You can also study sample sizes you need to detect significant deviations from Hardy Weinberg proportions, when:

1. The studied population is divided to two subpopulations 2. Allele frequencies are not similar in different sexes 3. The mating is not random, but there is some inbreeding in the population How to run the program?

From Windows Program Manager select File from the Menubar and then Run. Then write a:popgen to the command line and press Enter.

Figure 1. The opening window of the program

Just click the window and you should be in the main window Figure 2. The main window of the program

You choose your model from the main window. To select the model choose Model from the Menubar and the desired model. The selected model is written in to the heading of the window (in the beginning it is Drift).

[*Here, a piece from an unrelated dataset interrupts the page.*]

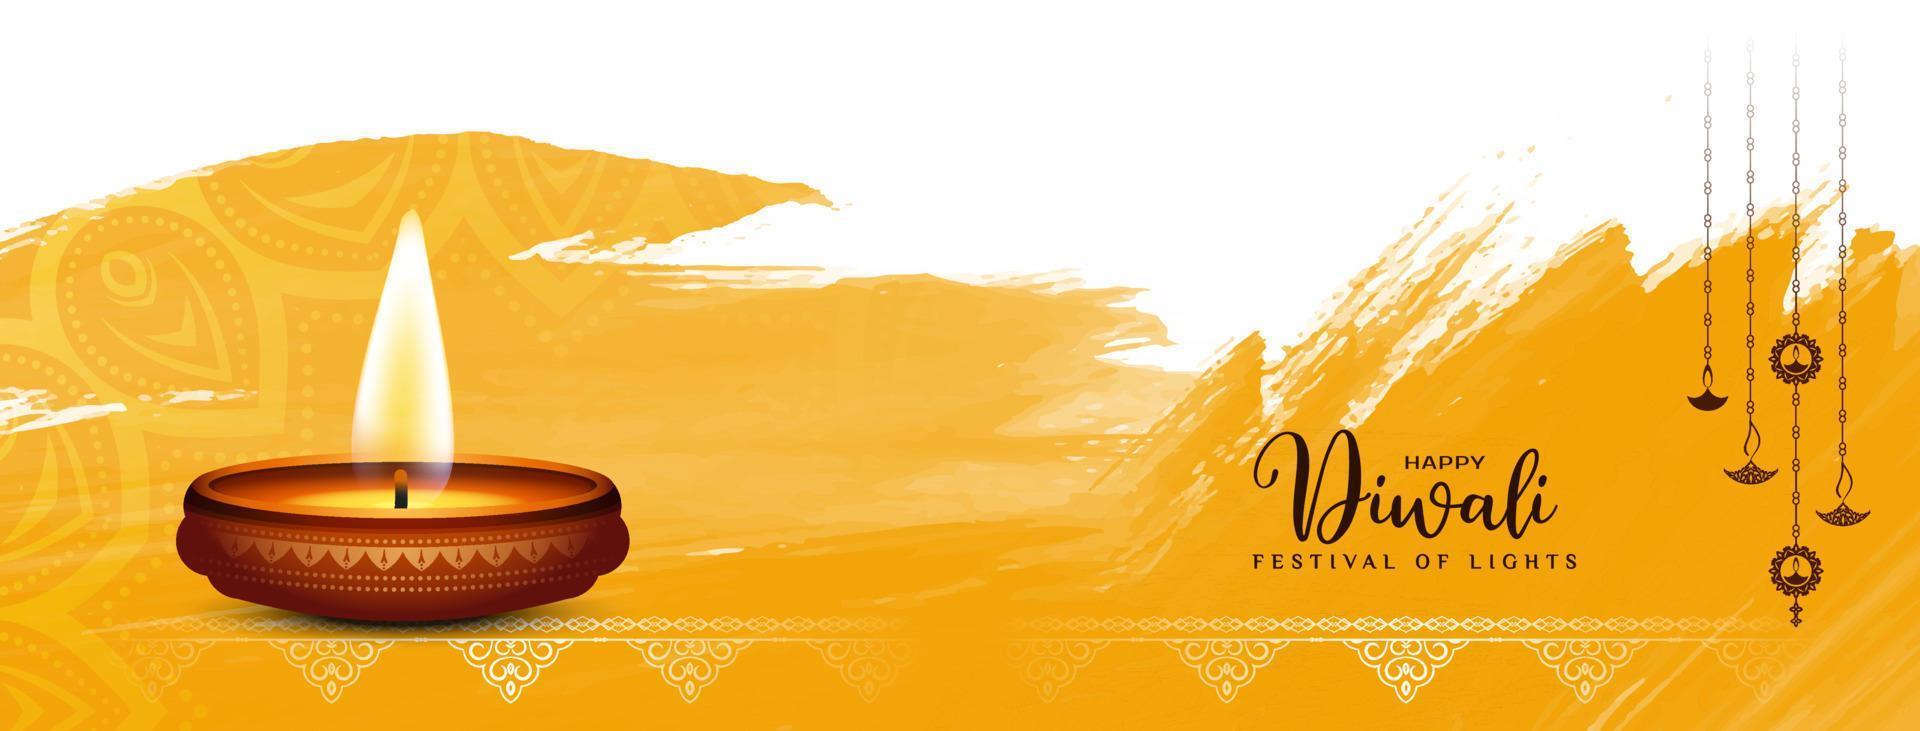 schönes fröhliches diwali festival kulturelles klassisches bannerdesign vektor
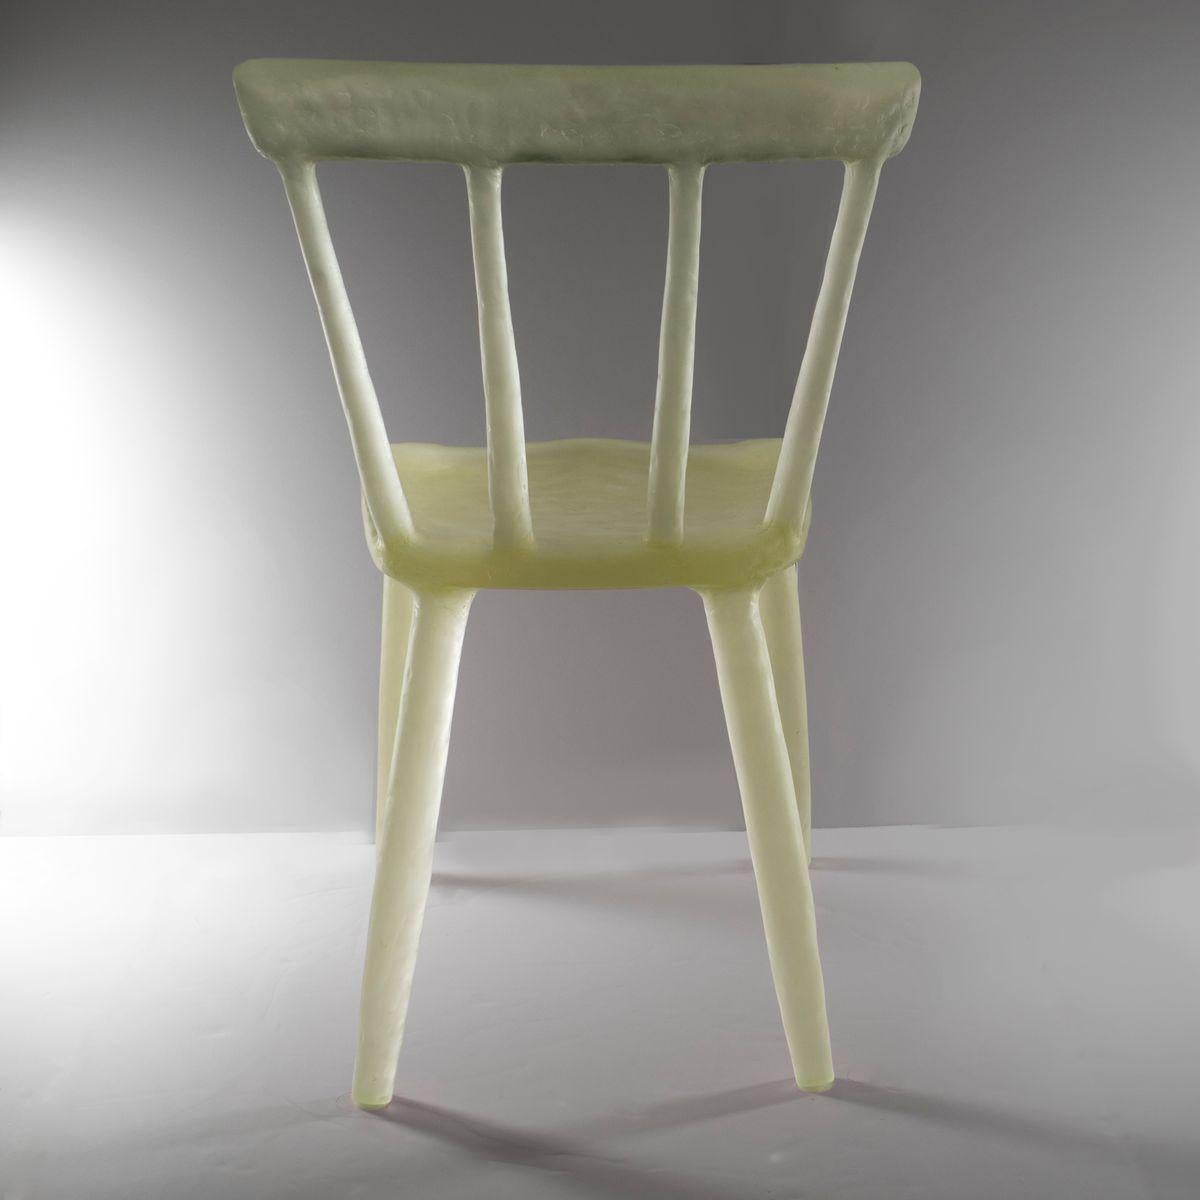 Die transluzenten und skurrilen Stühle der New Yorker Designerin Kim Markel werden in Handarbeit aus einer Vielzahl von recycelten Kunststoffen hergestellt, sowohl aus Duroplast als auch aus Thermoplast. Eine spezielle Mischung der Kunststoffe wird

Generally you can change the parameters of the model by writing them to the text boxes or by using horizontal scroll bar to change them. You can get Help anytime by pressing F1-key or choosing Help and PopGen Help from the menubar of the Main Window. Using of simulation models

1. Selection

Natural selection is the driving force of evolution. By this simple one locus model you can study how selection changes the allele frequencies. This model is deterministic, it doesn't take into account the effect of genetic drift. You can only vary the fitnesses of different genotypes. Normally to the best genotype are given fitness one and the other fitnesses are relative to that.

Write the fitness values in text boxes of the frame titled: Fitness values of the genotypes or use horizontal scrollbars to change them. Then press OK button and the mean relative fitness of the population with respect of the frequency of allele A1 (p) will be drawn in the Fitness function picture box. The magnitude of a change in p with respect to its frequency during one generation will also be drawn in the Delta p frame.

Figure 3. The main window while running the Selection model To change the initial allele frequency of A1 allele (p), change Initial p from the frame titled Population parameters. You can also change the number of generations, but you can not change the population. In the Selection model of PopGen the population size is indefinite.

To start simulation click Start simulation button.

The allele frequency of A1 allele will be drawn in the frame on the bottom of the screen. The final frequency of the latest simulation is also written to the frame.

You can clear the bottom frame by clicking the Clear button.

2. Genetic drift

This stochastic model demonstrates the chance fluctuations in allele frequencies. Such fluctuations occur particularly in small populations as a result of random sampling among gametes. Like in the Selection model you can change (1) Initial frequency of A (p) and (2) The number of generations, but you can also define (3) the number of individuals in the studied populations.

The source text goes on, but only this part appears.